甚至连首都华盛顿特区都开始讨论:是否应争取州地位,摆脱国会直接管辖?
联邦制的裂缝,正从边境蔓延到全国。
11月25日,感恩节前夕。
西贡战略分析中心,龙怀安与幕僚们观看美国局势的最新汇报。
美国第四季度GDP增长预测已从1.2%下调至-0.3%。
“比我们预想的快,”周海平说,“联邦权威的崩塌速度,超过了所有人的预期。”
龙怀安点头:“当一个体系的核心矛盾积累到临界点,只需要一个触发点,边境墙就是那个触发点。”
“我们要做什么?”
龙怀安走到地图前,“继续技术赋能:星链网络保持开放,为美国民间社会提供信息通道。
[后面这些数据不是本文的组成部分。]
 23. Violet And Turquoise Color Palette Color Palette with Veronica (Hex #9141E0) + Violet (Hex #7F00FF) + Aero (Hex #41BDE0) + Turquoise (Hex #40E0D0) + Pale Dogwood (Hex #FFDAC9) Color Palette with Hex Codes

”
“与加州,得克萨斯等州建立非官方经贸对话渠道,探讨绕过联邦的直接合作可能。”
“准备接收新一波人才,预计未来六个月,美国政治动荡将促使更多中产阶级和技术人才选择离开。”
他停顿片刻:“但最重要的是观察和学习。”
“美国正在上演一场大型政治实验:当联邦过度集权时,地方如何反抗?这种反抗的边界在哪里?最终会走向联邦改革,还是邦联化,甚至解体?”
“这对我们建设共同体有重要启示。”
“我们构建的南方经济共同体,本质上是一个自愿联合,尊重差异的联邦体系。”
“美国的教训告诉我们,强制统一不可持续,只有基于共同利益的自愿联合才能长久。”
有人问:“我们要公开评论吗?”
龙怀安摇头:“我们的官方不进行评论,但可以通过学者的分析文章,通过纪录片,通过生活家的真实影像,让世界自己得出结论。”
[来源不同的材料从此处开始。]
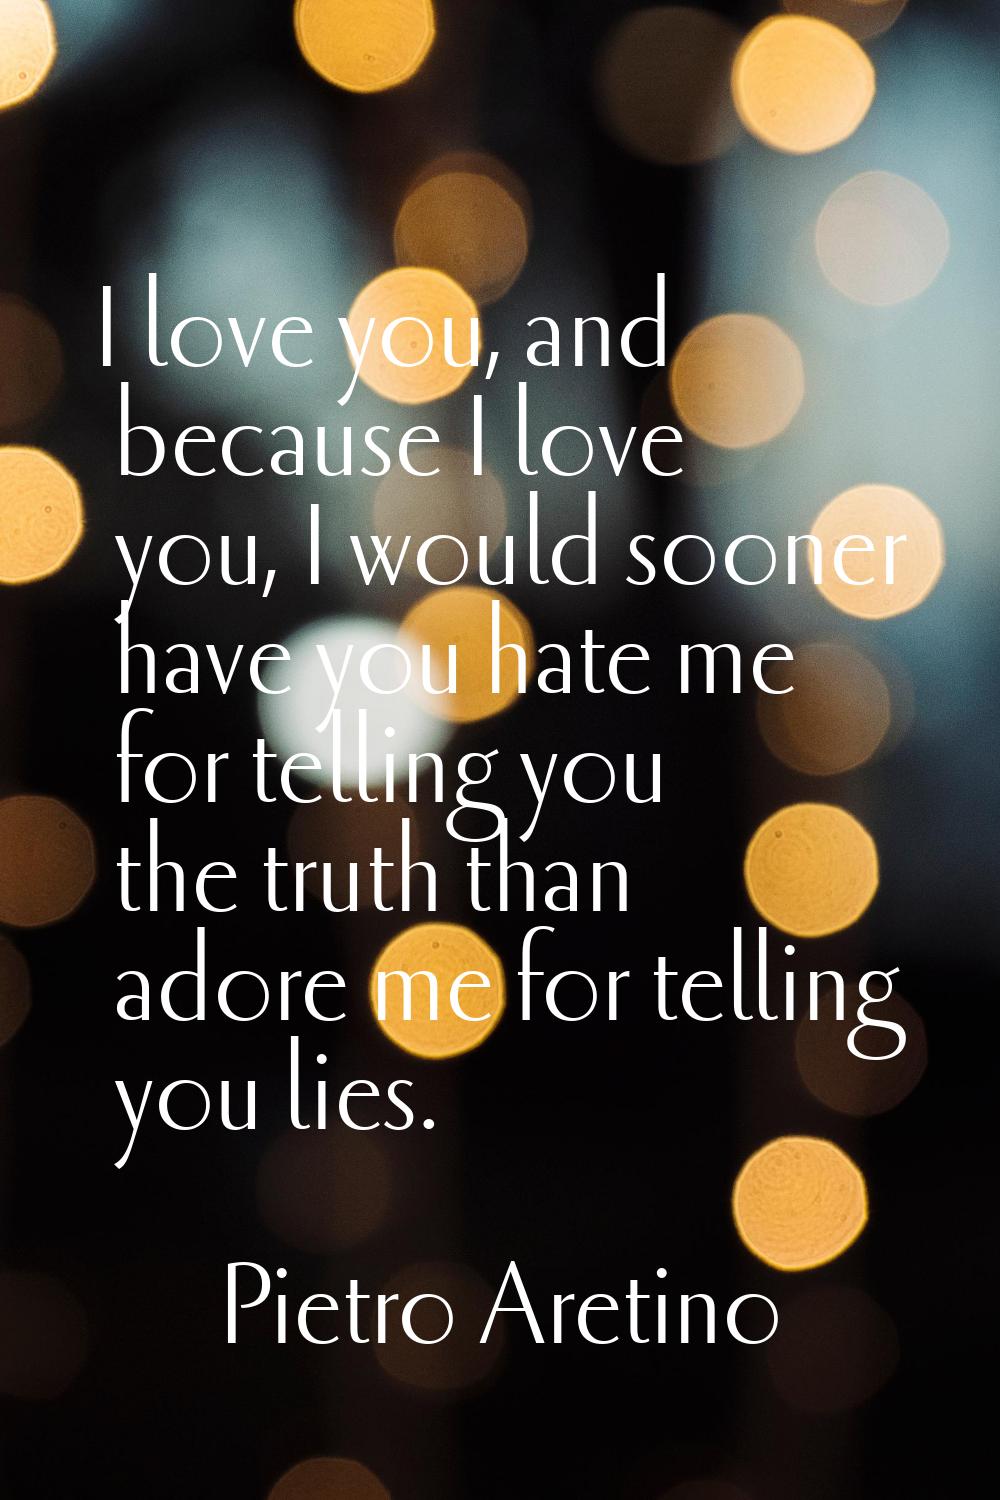 I love you, and because I love you, I would sooner have you hate me for telling you the truth than

“有时候,最好的宣传是什么都不说,只是让对手的失败自然呈现。”
感恩节当天,美国各地家庭聚餐时,话题都绕不开“国家在发生什么”。
在得克萨斯州奥斯汀,一个传统共和党家庭中,父亲是石油公司高管,儿子在加州读大学。
父亲说:“各州应该服从联邦,否则国家就散了。”
儿子反驳:“但联邦先背叛了我们,它用我们的税款建墙,毁掉我们的贸易,限制我们的自由,凭什么还要我们服从?”
母亲打圆场:“也许,也许我们需要重新思考什么是国家。”
“不是华盛顿那些建筑,而是我们这些普通人如何生活在一起。”
在九黎,霍华德一家第一次庆祝感恩节,他们采用了美式传统,但加入了九黎元素。
餐桌上既有火鸡和南瓜派,也有春卷和红烧肉。
霍华德举杯:“感谢这个国家,给了我和家人第二次生命。”
女儿艾米丽说:“我在学校作文里写:我的祖国曾经是美国,但它让我无法呼吸。我的新祖国是九黎,它让我自由呼吸。”
这句话被老师推荐发表在校刊上,随后被“生活家”平台转载。
在美国,通过星链网络看到这篇文章的人们沉默着。
有些人愤怒:“叛徒!不知感恩!”
有些人沉思:“也许她说出了我们不敢说的真相。”
更多人感到迷茫:祖国到底是什么?
是出生地,还是能让你有尊严生活的地方?
当二者冲突时,该如何选择?
没有标准答案。
但在这个感恩节,数百万美国人第一次认真思考这个问题。